To ensure reproducibility, include positive controls (recombinant SPAC11D3.02c protein) and loading controls (such as actin) on each blot .

What strategies exist for improving SPAC11D3.02c antibody sensitivity in low-expression systems?

When detecting low-abundance SPAC11D3.02c protein, several strategies can enhance antibody sensitivity:

  • Sample enrichment: Use subcellular fractionation or immunoprecipitation to concentrate the target protein before analysis.

  • Signal amplification techniques: Employ tyramide signal amplification (TSA) or polymer-based detection systems which can increase sensitivity by 10-100 fold compared to conventional methods.

  • Alternative detection systems: Consider using highly sensitive fluorescent secondary antibodies with infrared detection systems or quantum dots for improved signal-to-noise ratios.

  • Enzymatic treatments: In some cases, treating samples with phosphatases or deglycosylation enzymes may remove modifications that hinder antibody binding.

  • Extended exposure times: For Western blots with chemiluminescent detection, longer exposure times coupled with low-noise imaging systems can detect faint signals.

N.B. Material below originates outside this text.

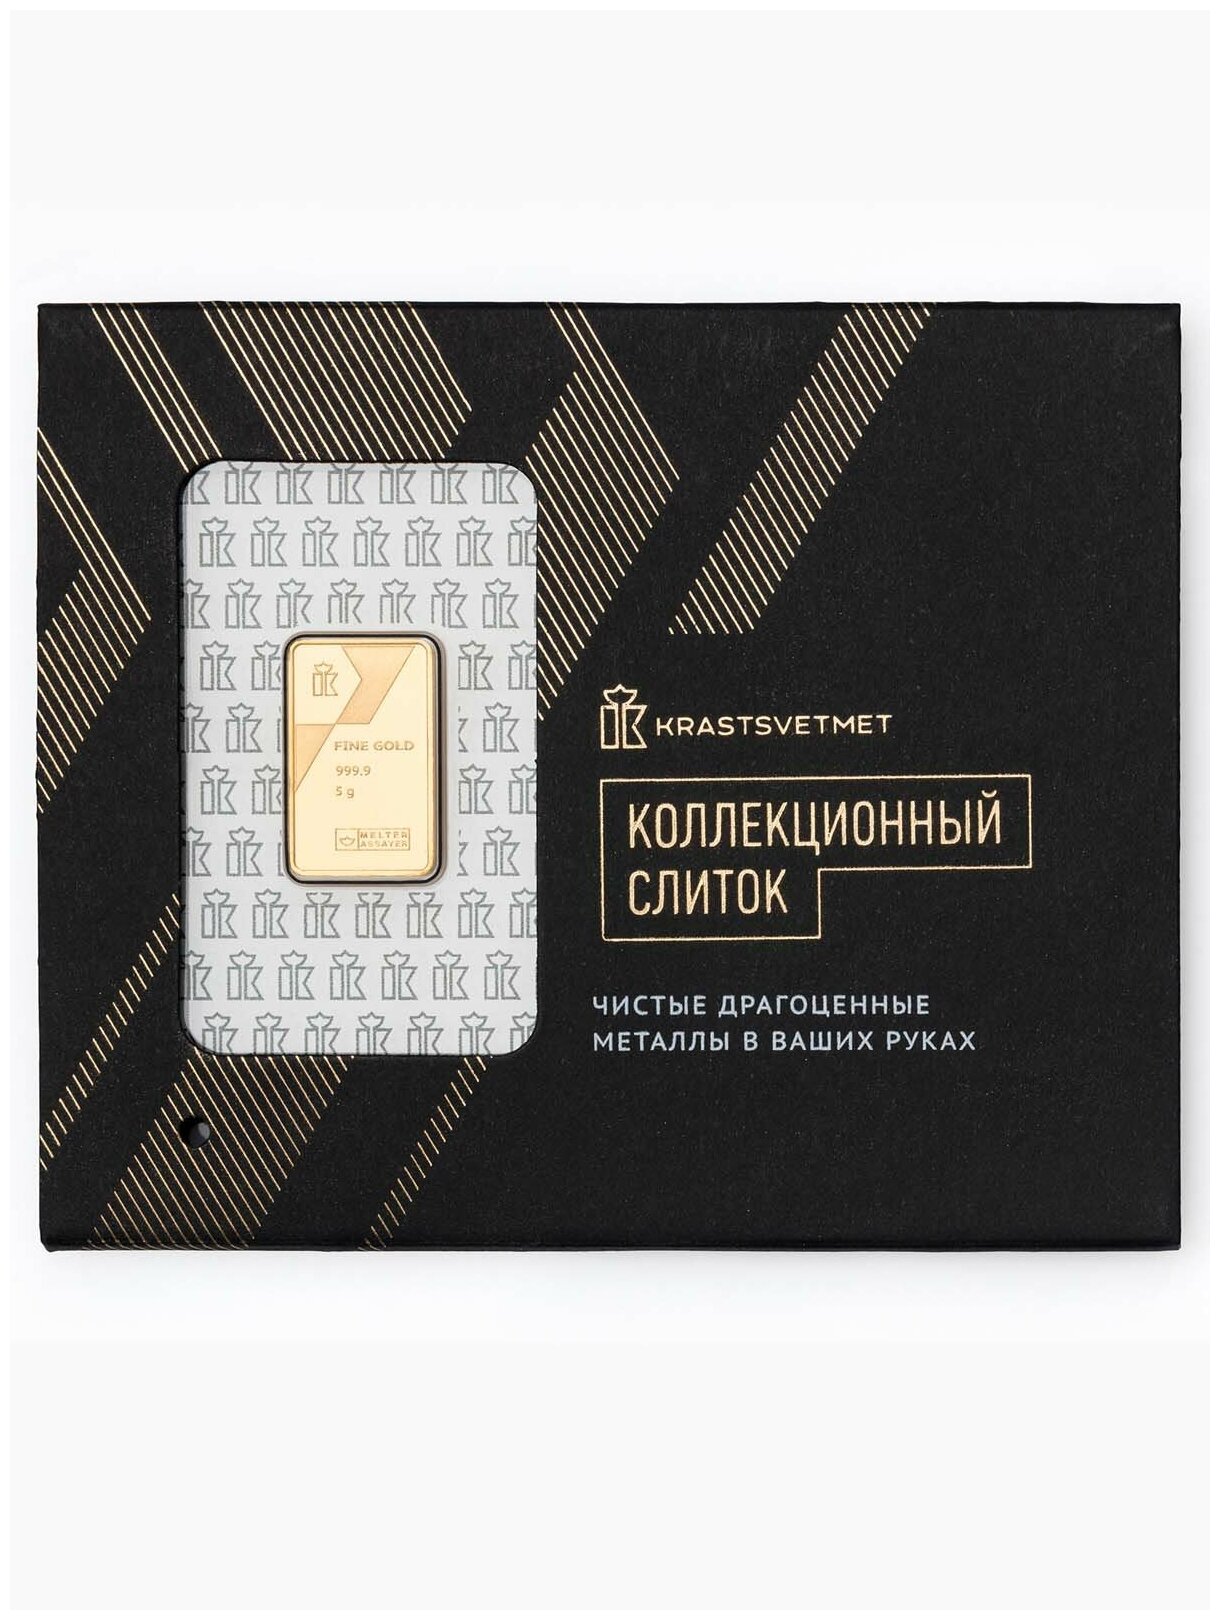 Слиток ювелирный Krastsvetmet из золота 999 пробы / Сувенир / Подарок - 5 грамм

Additionally, researchers can optimize antibody concentration through careful titration experiments and consider using antibody fragments (Fab or F(ab')2) if steric hindrance is suspected to limit antigen accessibility in certain applications.

How can computational approaches enhance SPAC11D3.02c antibody design and functionality?

Computational methods offer powerful approaches to enhance SPAC11D3.02c antibody design and functionality. Structure-based computational design can predict antibody-antigen interactions and guide rational mutations to improve binding properties. Using techniques similar to those described by Lippow et al., researchers can systematically evaluate mutations in CDR regions to predict enhanced binding affinity . Molecular dynamics simulations can reveal allosteric effects during antibody-antigen recognition, providing insights into binding mechanisms and stability. Additionally, approaches like those implemented in RosettaAntibody can model antibody structures in two main steps: first by using BLAST-based methods to search homologous templates, and then by inserting template CDRs onto template frameworks and optimizing side chains .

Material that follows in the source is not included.